R-bicalutamide has been shown in vitro to be an inhibitor of CYP3A4 activity, with lesser inhibitory effects on CYP 2C9, 2C19 and 2D6. Exercise caution when giving bicalutamide concomitantly with midazolam (a CYP 3A4 substrate) since midazolam Cmax and AUC have been shown to increase 1.5 and 1.9 fold, respectively, in clinical trials.
Bicalutamide displaces warfarin (coumarin anticoagulant) from its protein binding site in vitro. Close monitoring of prothrombin time is therefore recommended in patients who are already receiving coumarin anticoagulants.
Although no pharmacodynamic or pharmacokinetic interaction exists between bicalutamide and LHRH agonists, bicalutamide may prevent the harmful clinical consequences of flare associated with LHRH agonist therapy.

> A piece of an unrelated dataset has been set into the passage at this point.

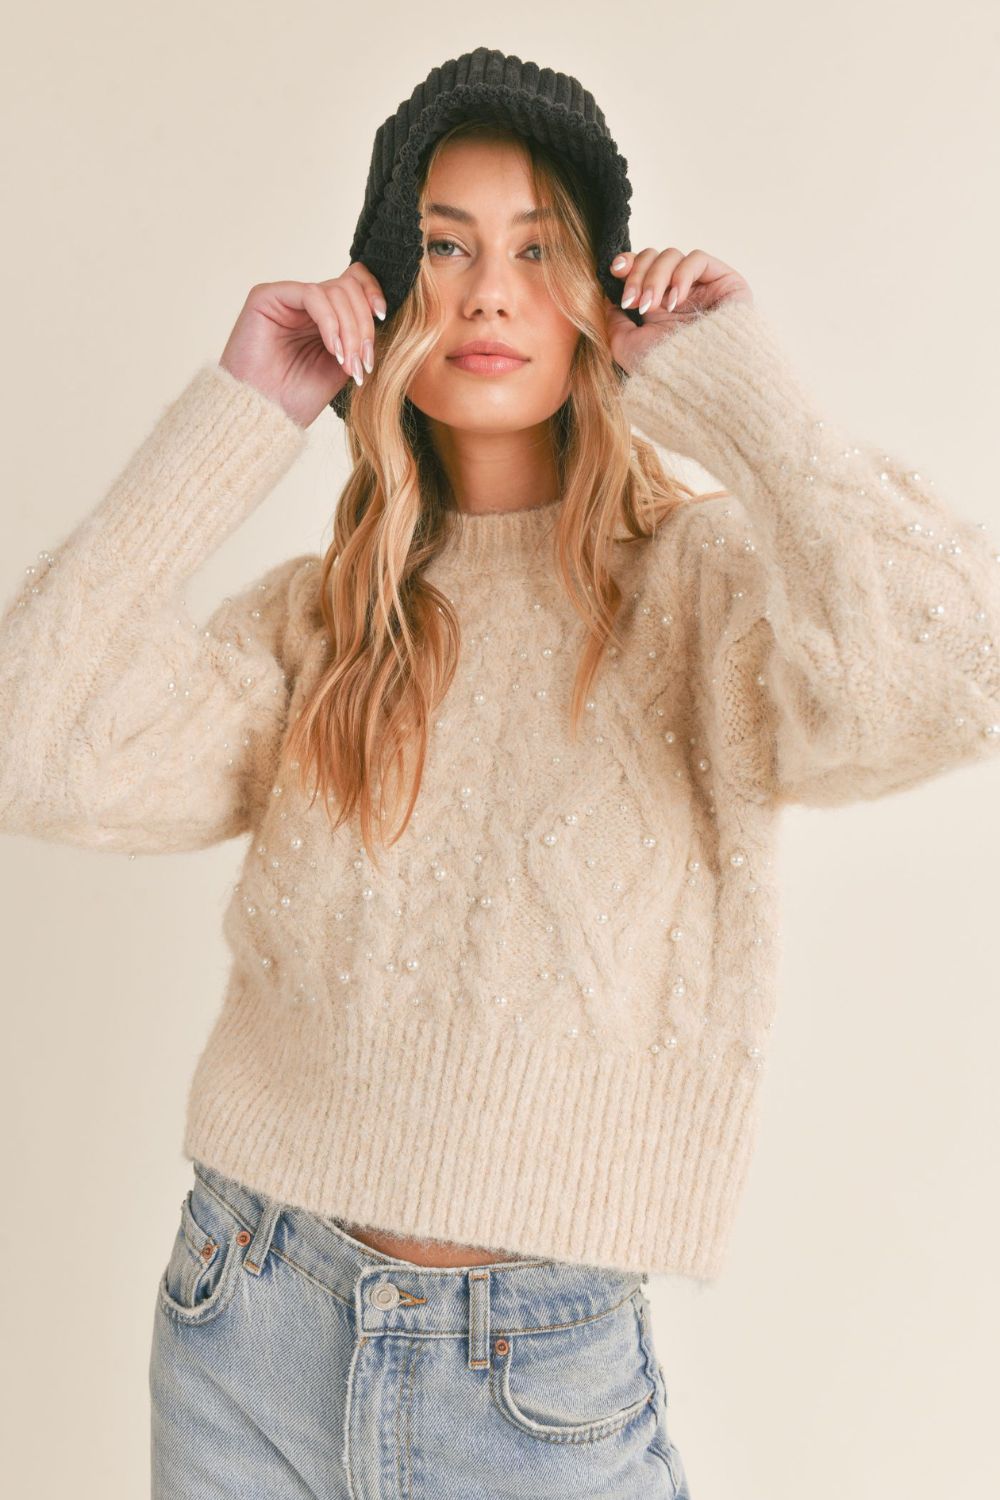 Knitted jumper with cable knit pattern made of soft blended wool

Co-administration of ciclosporin and calcium channel blockers with bicalutamide may theoretically increase bicalutamide's plasma concentrations. Evidence of enhanced or adverse drug effect may warrant dose reduction and close monitoring of patients after initiation or cessation of bicalutamide.
Drugs which inhibit drug oxidation such as cimetidine and ketoconazole may theoretically increase plasma concentrations of bicalutamide which may result in increased side effects.
Concomitant administration with alcohol should be avoided to prevent facial flushing during bicalutamide therapy.